Morphogenetic signaling by retinoic acid and its regulation during inner ear development

视黄酸的形态发生信号及其在内耳发育过程中的调节

• 批准号: 42247102
• 负责人: Professor Dr. Gerrit Begemann
• 金额: --
• 依托单位: Lehrstuhl für Tierphysiologie
• 依托单位国家: 德国
• 项目类别: Research Grants
• 财政年份: 2007
• 资助国家: 德国
• 起止时间: 2006-12-31 至 2010-12-31
• 项目状态: 已结题
• 来源: https://gepris.dfg.de/gepris/projekt/42247102?language=en
• 关键词: Morphogenetic; signaling; retinoic; acid; its; Morphogenetic; signaling; retinoic; acid; its

Vertebrate inner ear development is sensitive to alterations in retinoic acid (RA) signaling, but the morphogenetic processes that are controlled by RA and its molecular targets are largely unexplored. Whereas mammals co-express three retinaldehyde-dehydrogenases within the inner ear, only Aldh1a3 and Aldh1a2 are present in the zebrafish developing inner ear and in flanking tissues, respectively. It is thus feasible to accomplish a straightforward genetic analysis of RA function in the zebrafish otic vesicle. Our goals are threefold: 1) We will use genetic and chemical genetic methods to examine the hypothesis that RA signaling patterns epithelial projections in the inner ear and is required for the formation of the otic capsule; 2) In a microarray analysis we have identified candidate target genes that are up- and down-regulated by RA signaling; we will characterize their expression profiles and RA-sensitivity in the inner ear and will examine their function by gene knockdown; 3) To advance the visualization and to dissect the cellular dynamics of inner ear morphogenesis, we will develop transgenic zebrafish lines that recapitulate RA-mediated gene activation and the dynamics of RA synthesis within the inner ear in vivo. Together, the proposed studies will unravel the roles of RA-mediated control of gene activity and will allow us to associate molecular genetic interactions with morphological change in the developing inner ear.

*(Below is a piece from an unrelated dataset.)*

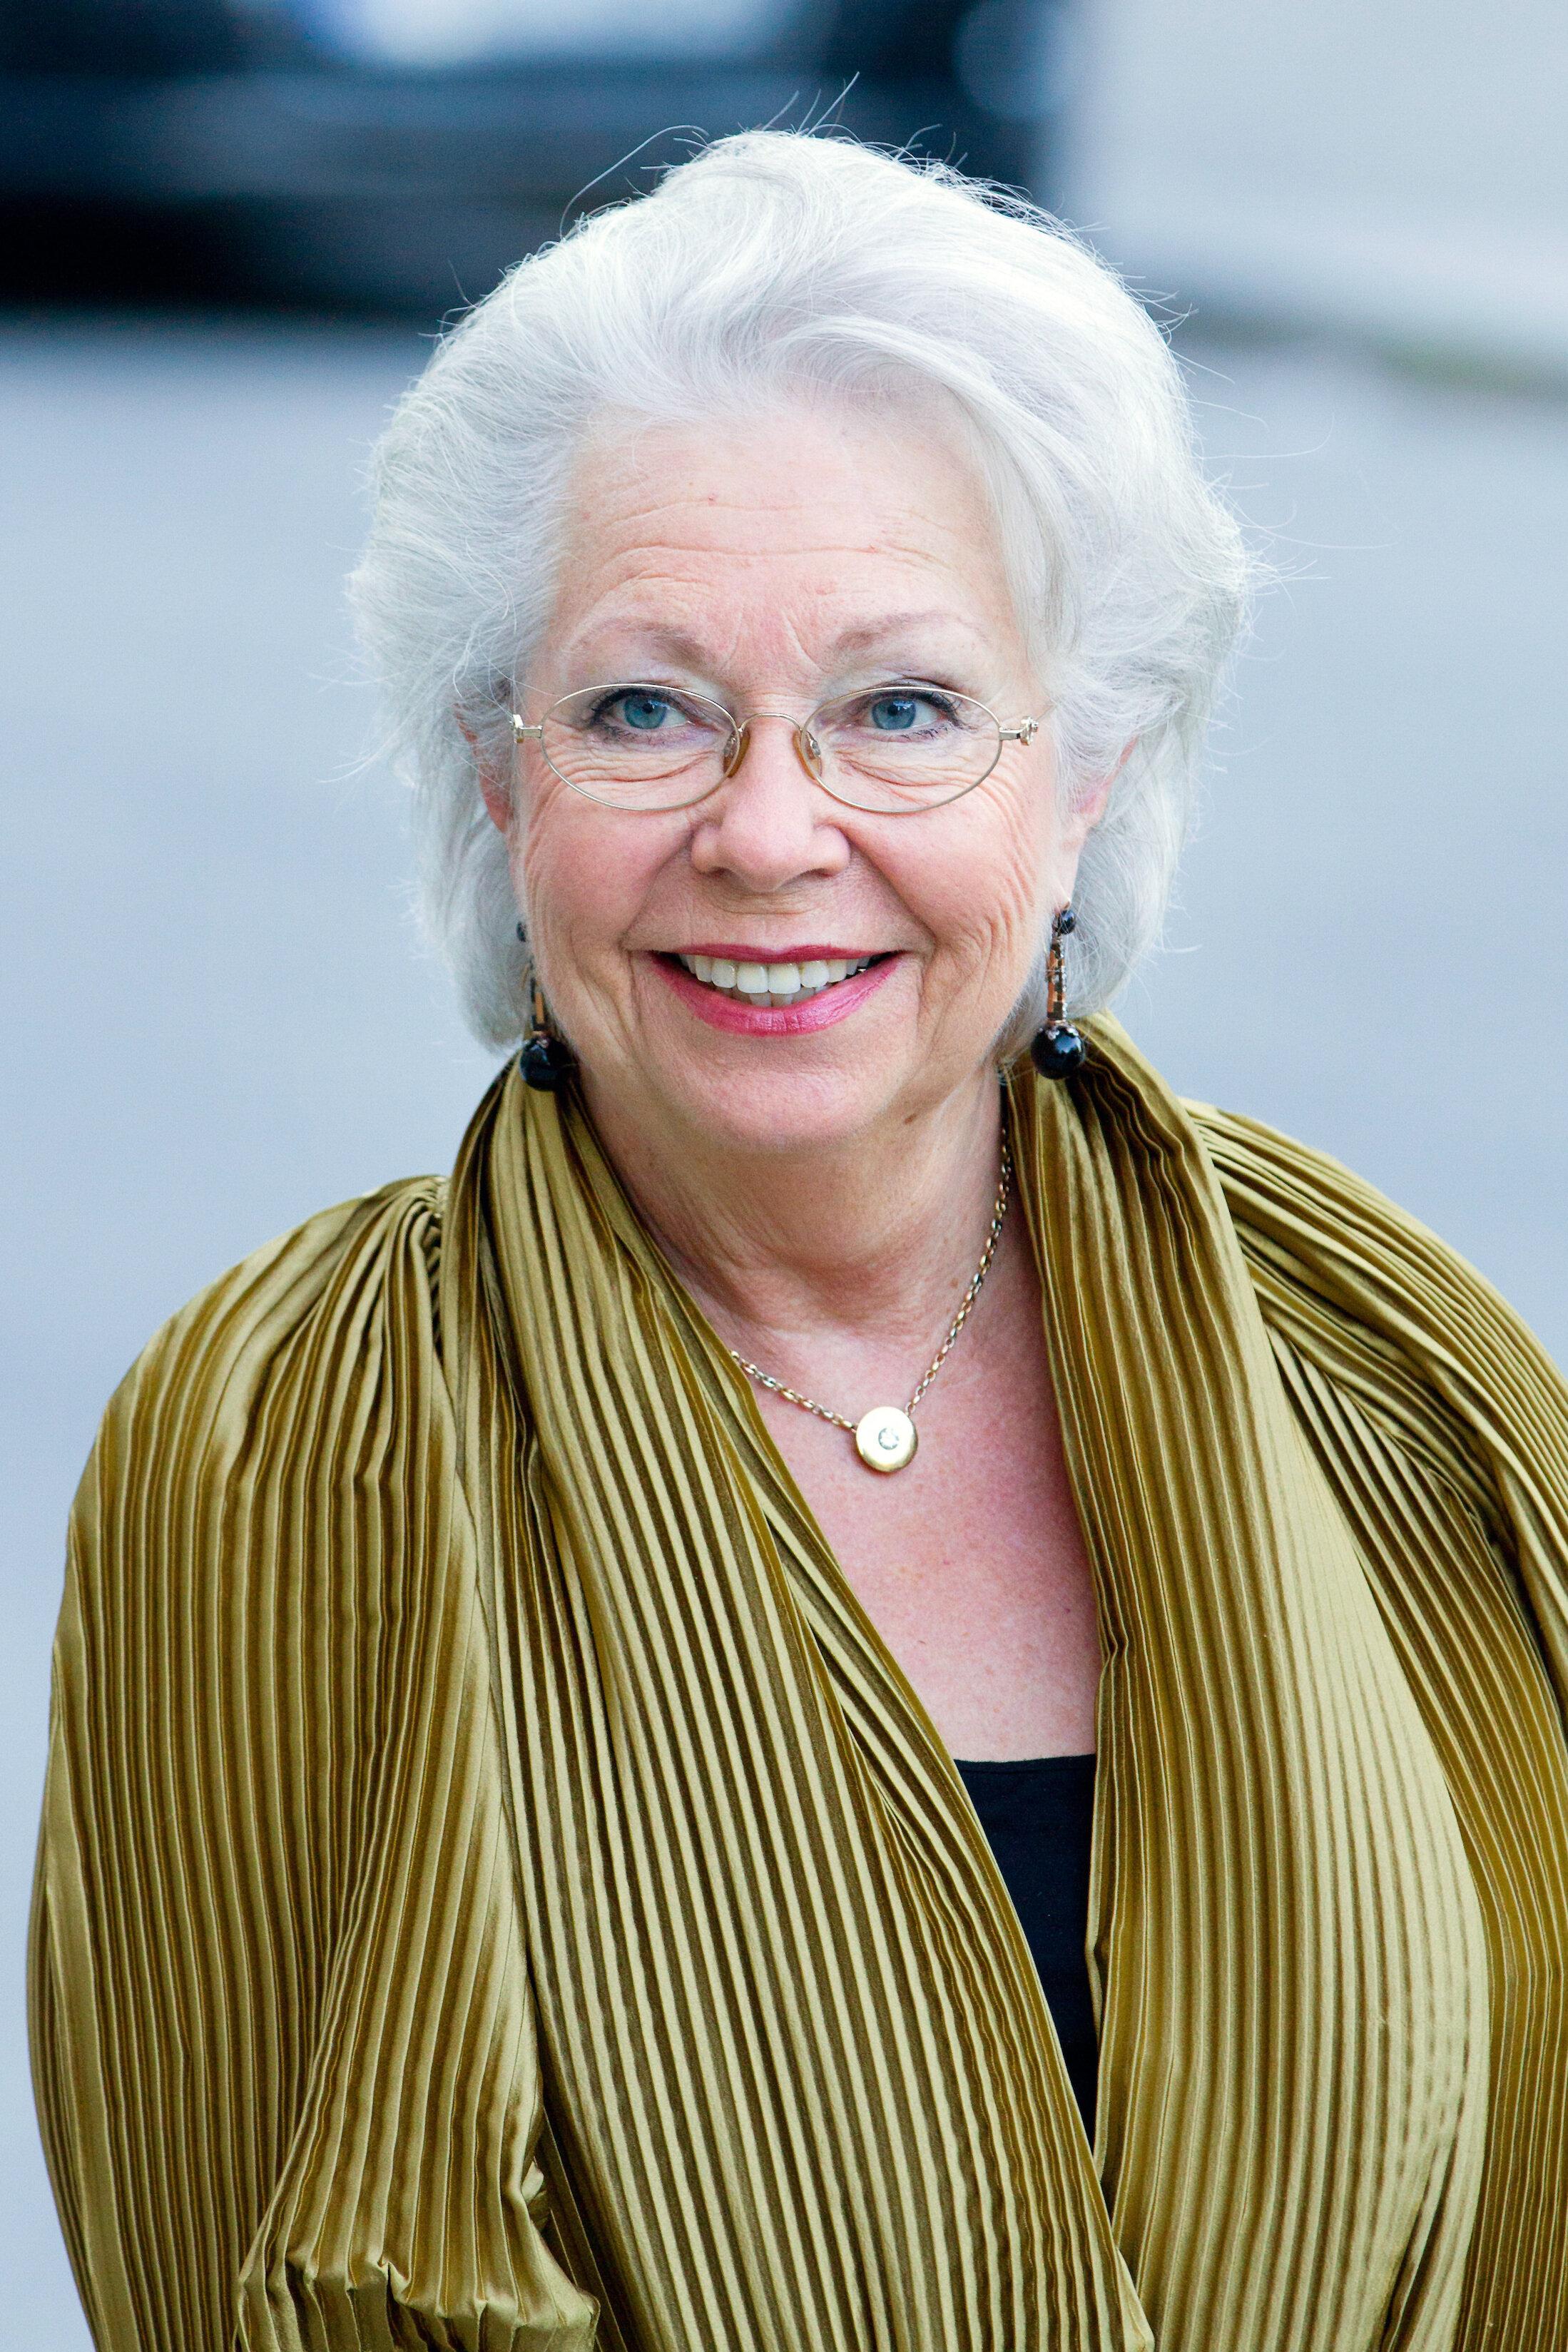 Prinzessin Christina hat nun ein Buch über ihre jung verstorbene Großmutter Kronprinzessin Margaret geschrieben. © dpa

脊椎动物内耳的发育对视黄酸（RA）信号的改变敏感，但是由RA控制的形态发生过程及其分子靶标在很大程度上没有探索。哺乳动物在内耳内共表达三种视网膜甲醛 - 脱水酶，但分别存在于斑马鱼内耳和侧面组织中的aldh1a3和aldh1a2。因此，可以对斑马鱼囊泡中的RA功能进行直接的遗传分析是可行的。我们的目标是三重：1）我们将使用遗传和化学遗传学方法来检验以下假设：RA信号传导模式在内耳中上皮投影，并且是形成了耳胶囊所必需的； 2）在微阵列分析中，我们确定了由RA信号传导向上和下调的候选靶基因；我们将表征它们的表达谱和内耳中的RA敏感性，并将通过基因敲低检查它们的功能。 3）为了推进可视化并剖析内耳形态发生的细胞动力学，我们将开发转基因斑马鱼线，这些斑马鱼线概括了RA介导的基因激活和体内内耳内RA合成的动力学。拟议的研究一起将揭示RA介导的基因活性控制的作用，并使我们能够将分子遗传相互作用与发展中耳朵的形态变化联系起来。